Simultaneous High-Fidelity Single-Qubit Gates in a Spin Qubit Array

Abstract

Silicon spin qubits are a promising platform for scalable quantum computing due to their compatibility with industrial semiconductor fabrication and the recent scaling to multi-qubit devices. Control fidelities above the 99% fault-tolerant threshold are routinely achieved, but extending high-fidelity control to simultaneous multi-qubit operation remains a major challenge. We demonstrate high-fidelity, fully parallel control of five silicon spin qubits using a single shared microwave line. Using tailored control pulses, all qubits achieve primitive $\pi/2$ gate fidelities well above 99.99%, with some approaching 99.999%, exceeding previously reported fidelities in silicon spin qubits.
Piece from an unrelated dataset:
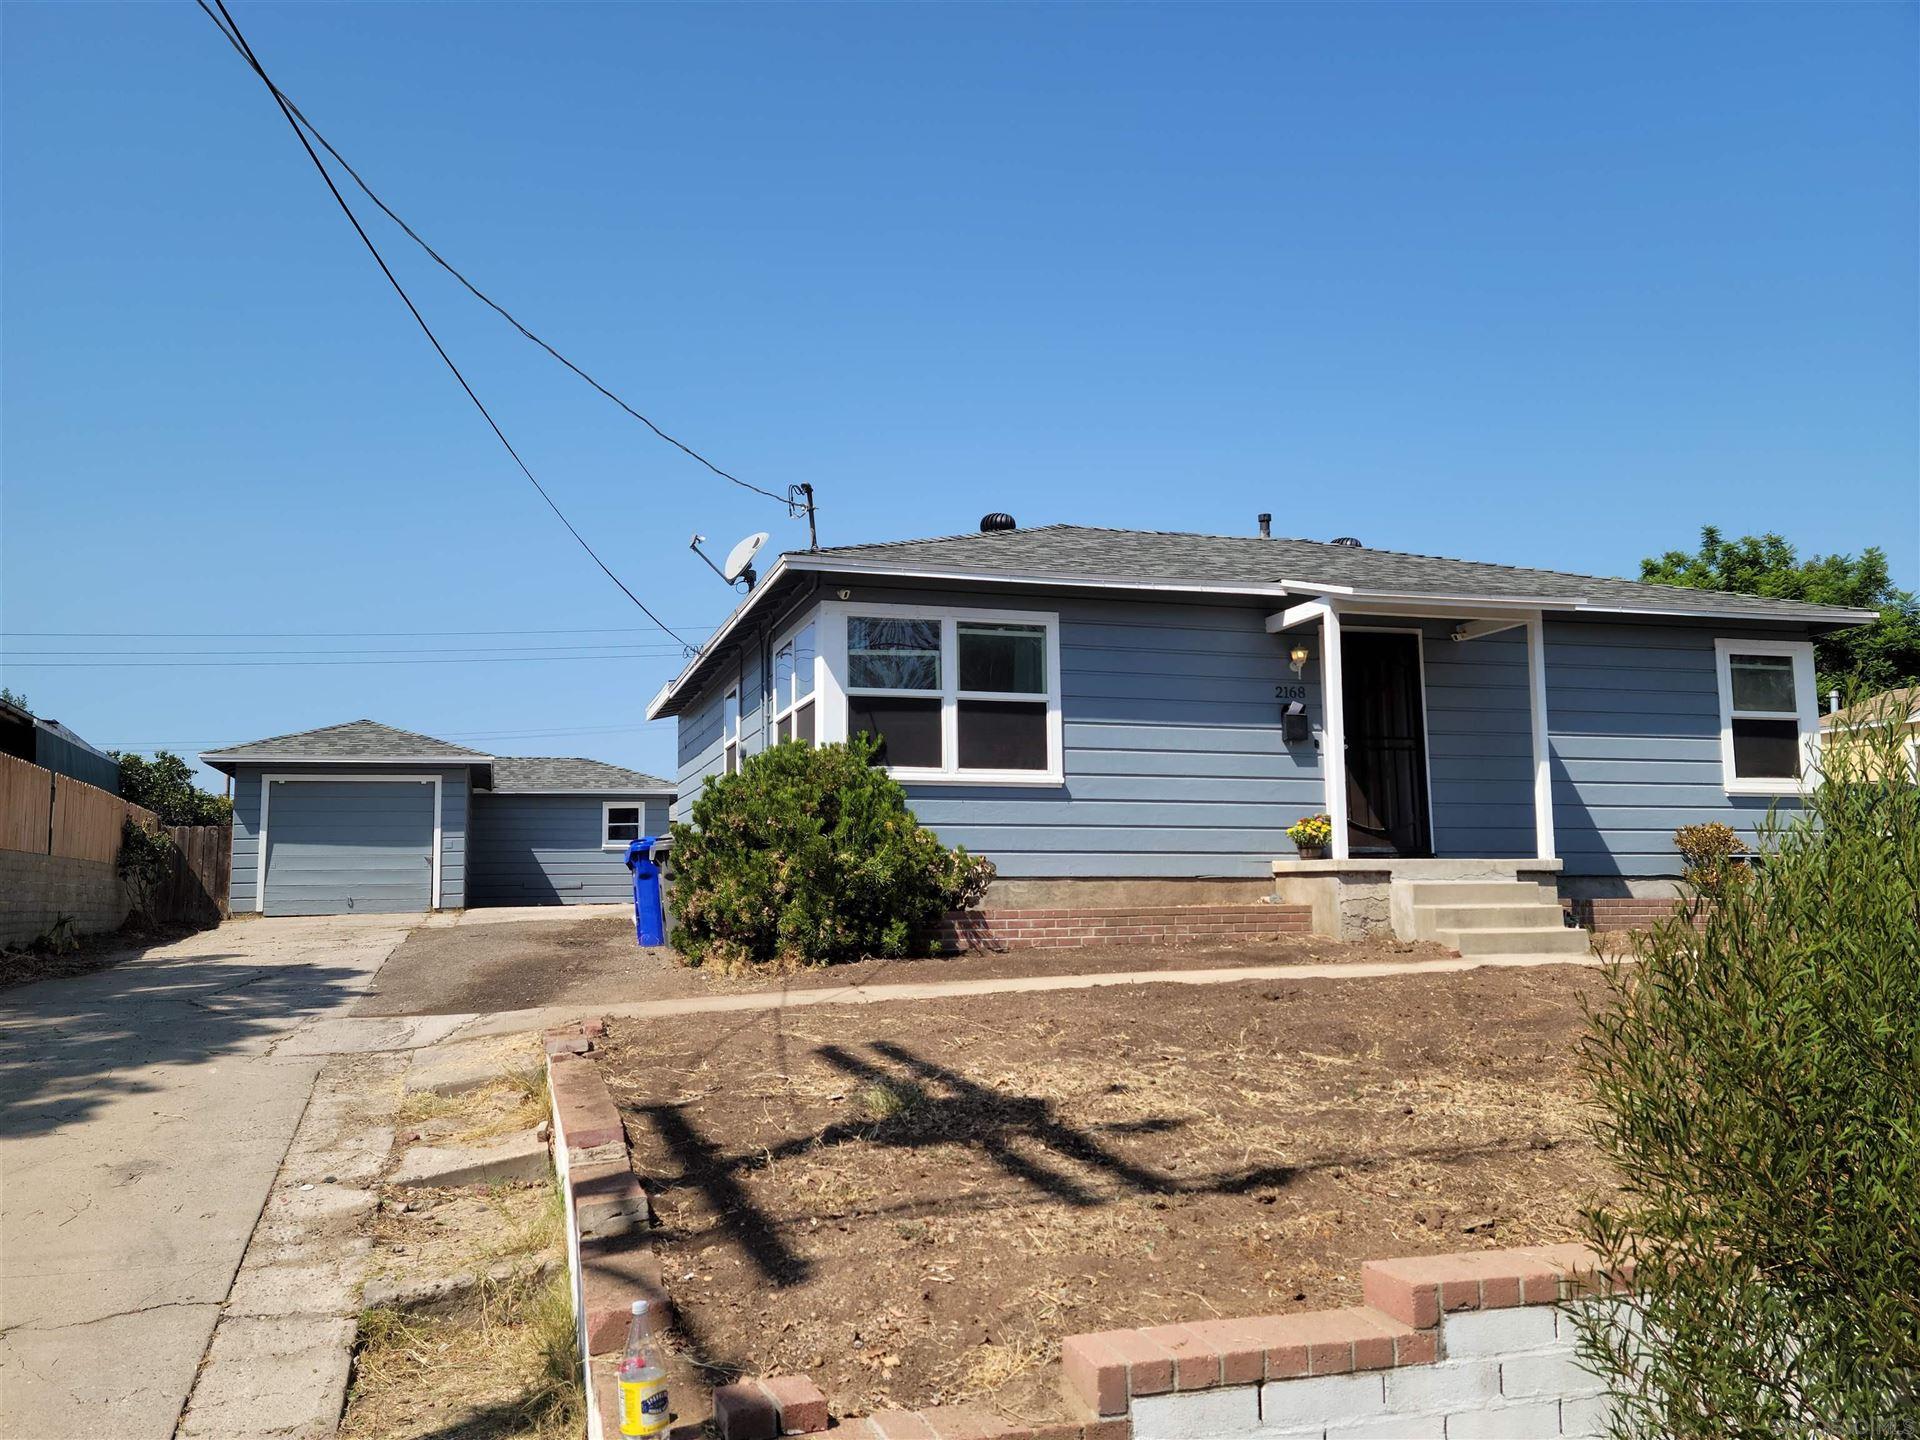 Photo of 2168 McKnight, Lemon Grove, CA 91945 (MLS # 210025920)

These fidelities are mostly preserved during simultaneous operation of up to three qubits, and remain at the practical fault-tolerant threshold of 99.9% even during fully parallel five-qubit operation. This performance is enabled by a calibration scheme that compensates drive-induced phase shifts using only pairwise calibrations, scaling quadratically with qubit number and avoiding exponential overhead. By reducing the number of impedance-controlled microwave lines, our approach addresses a key architectural bottleneck and offers a scalable control strategy for high-fidelity operation in large spin qubit arrays.